If your HPE Ezmeral Runtime Enterprise installation is based on an OS version that is not supported by HPE Ezmeral Runtime Enterprise 5.7.x, you must upgrade the OS version to at least the minimum supported version supported by HPE Ezmeral Runtime Enterprise.

For a list of supported operating system versions, see OS Support.

To upgrade the operating system, see System Maintenance.

(Optional) Update or Configure Air Gap Settings

If you are using Kubernetes in an air-gapped environment or you want to change your current environment to air gap your Kubernetes objects, configure the air gap settings before you upgrade Kubernetes.

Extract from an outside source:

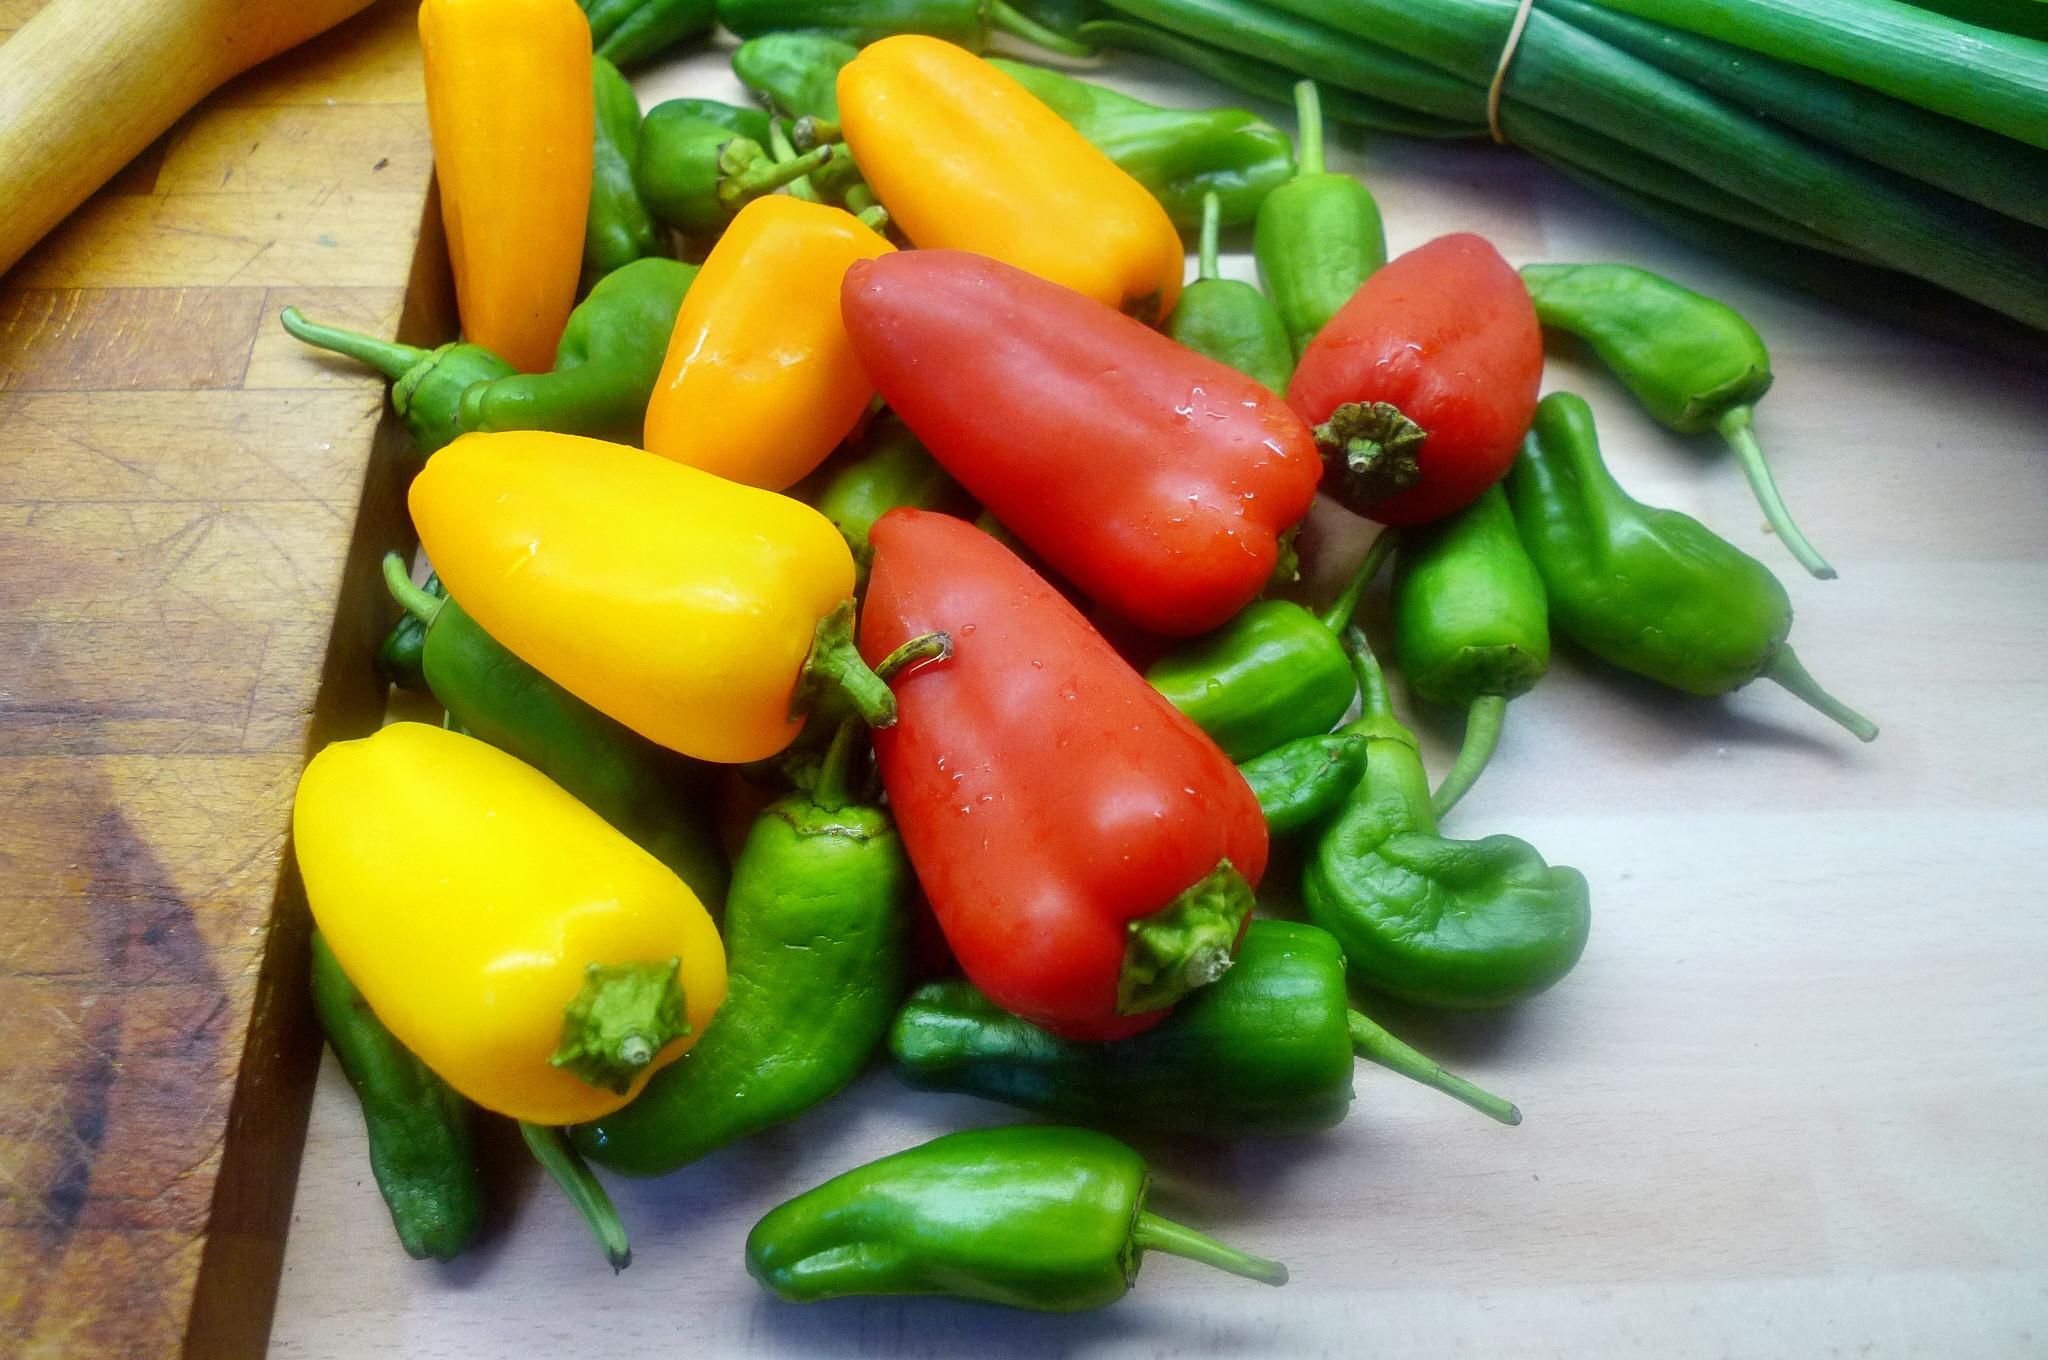 Pimentos-Paprika-Kartoffel-Salat-Buttermilch- 28.9.14   (2)

Changes to Air gap settings are not propagated to the Kubernetes hosts until the host is rebooted or the Kubernetes version is upgraded.
IMPORTANT
Changing an existing HPE Ezmeral Runtime Enterprise configuration from a non-airgapped environment to an air-gapped environment forces a reinstall of Kubernetes clusters.

If you are changing an existing HPE Ezmeral Runtime Enterprise configuration from a non-airgapped environment to an air-gapped environment, contact Hewlett Packard Enterprise support for assistance before you begin the transition. Several manual steps must be performed to transition to an air-gapped environment.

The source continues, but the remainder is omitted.